IndexedDB was designed to allow range delete optimizations so that delete [0,10000] doesn’t actually have to physically remove those items to return. Instead we can store range delete metadata to shortcut these operations when it makes sense. Since we have many assumptions for this baked our abstraction layer, getting an ‘original’ or ‘old’ value would be nontrivial and incur more overhead.

Why not issue ‘deletes’ instead a ‘clear’?

Following from the answer above, IndexedDB’s API is designed to allow mass deletion optimization, and in order to have the ‘deletes instead of clear’ functionality, this would involve expensive read operations within the database. If an observer needed to know exactly what was deleted, they can maintain their own state of the keys that they care about.

What is a true/consistent state?

This is an important concept, and is the reason a lot of the API is the way it is.

How do I know I have a true or consistent state?

To achieve an initial world state, one would use the transaction that is used to create the observer to read in all of the initial values that they care about. Then all changes after this transaction is committed are guarenteed to be reported to the observer without duplicates.

Another tool is the includeTransaction option which can be used to read in an unchanging state of the world during the observer callback. This transaction will take place immediately after the transaction in which the given changes were performed is completed.

Why only populate the objectStore name in the changes records map?

Object store objects are only valid when retrieved from transactions. The only relevant information of that object outside of the transaction is the name of the object store. Since the transaction is optional for the observation callback, we aren’t guaranteed to be able to create the IDBObjectStore object for the observer. However, it is easy for the observer to retrieve this object by

  1. Specifying transaction in the options map
  2. calling changes.transaction.objectStore(name)

Why are changes in a map instead of a flat list?

This is done to avoid data duplication of the object store name. This can be changed. Cons of the current approach:

See Issue #49.

Why not use ES6 Proxies?

The two main reasons are:

  1. We need to observe changes across browsing contexts. Passing a proxy across browsing contexts in not possible, and it’s infeasible to have every browsing context create a proxy and give it to everyone else (n*n total proxies).
  2. Changes are committed on a per-transaction basis, and can include changes to multiple object stores. We can encompass this is an easy way when we control the observation function, where this would require specialized and complex logic by the client if it was proxy-based.

What realm are the change objects coming from?

All changes (the keys and values) are structured cloneable, and are cloned from IDB. So they are not coming from a different realm.

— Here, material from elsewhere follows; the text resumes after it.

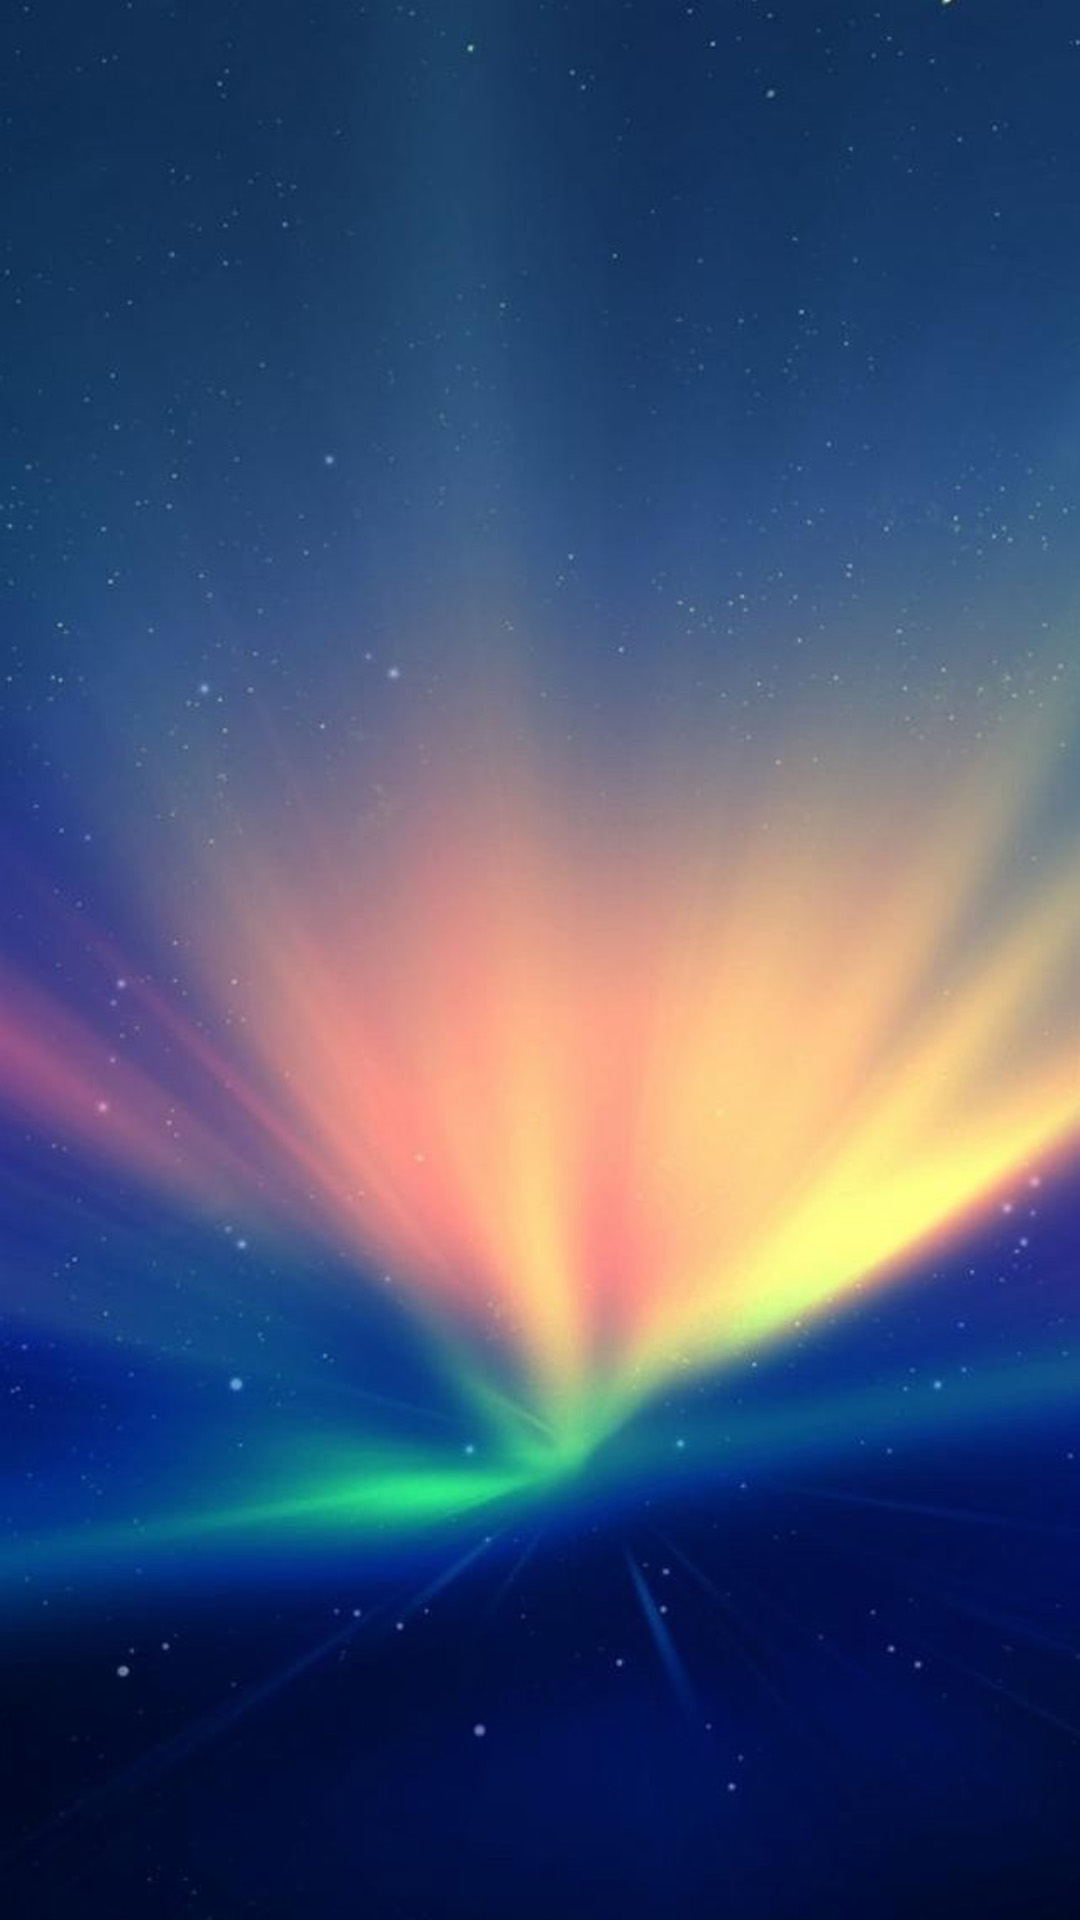 Htc One M8 Wallpapers Download - 1080x1920 Wallpaper 
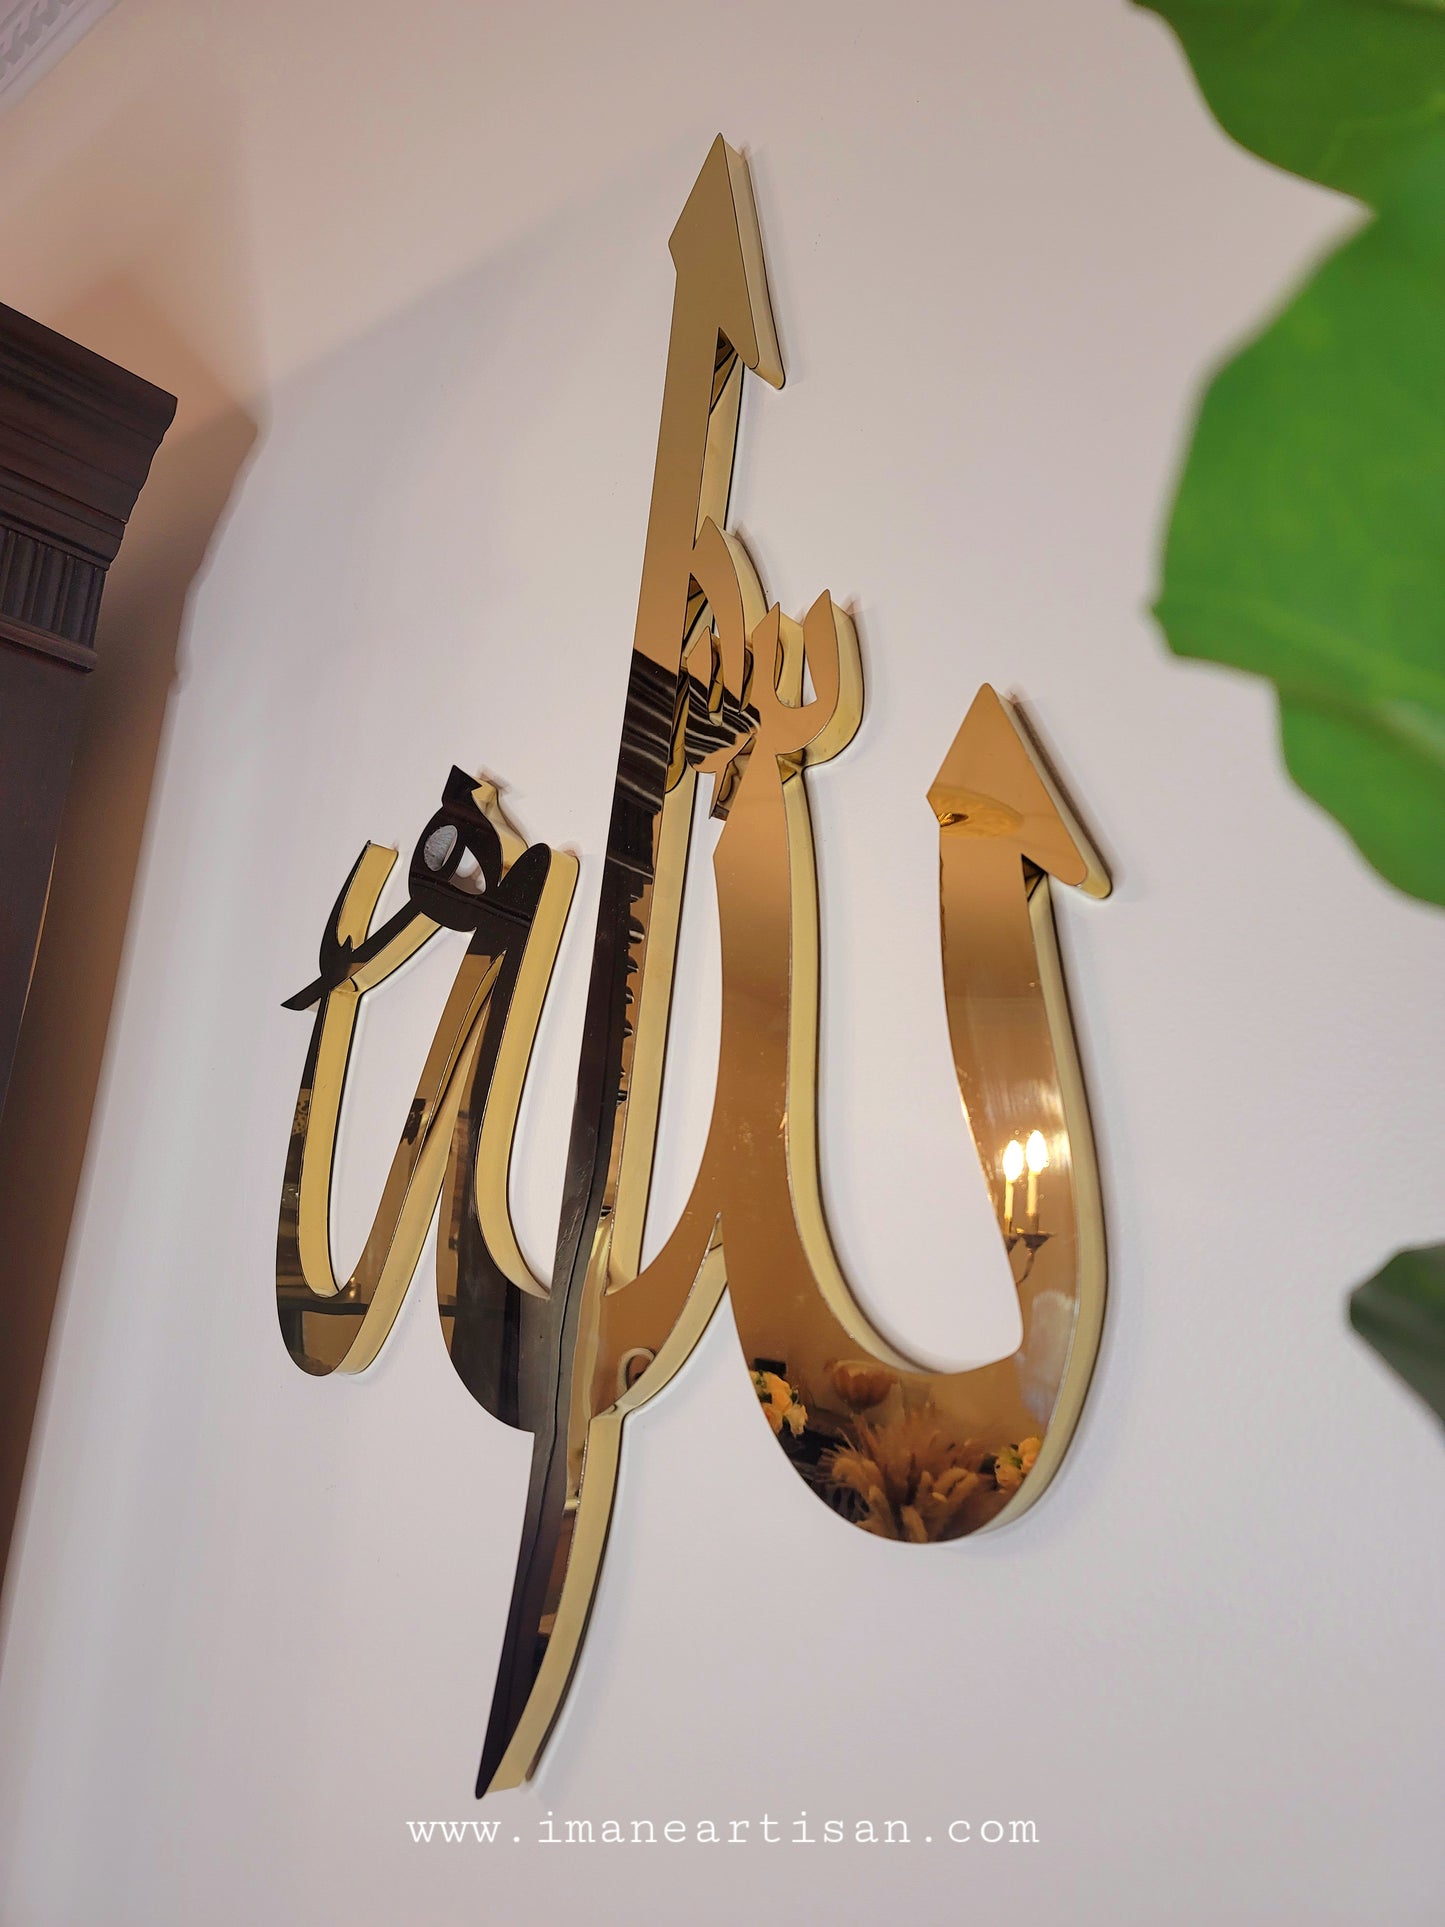 Allah and Mohammad (PBUH) Stainless steel 3D Wall Decor Set

Why not observe from ObjectStore object?

This makes it so developers cannot reliable observe multiple object stores at the same time. Example:


Order of operations

Even if o1 records the changes from T1 for o2, there is no guarantee that o2 it gets the changes from T1 before another transaction changes o1 again.

We also believe that keeping the ‘one observer call per transaction commit’ keeps observers easy to understand.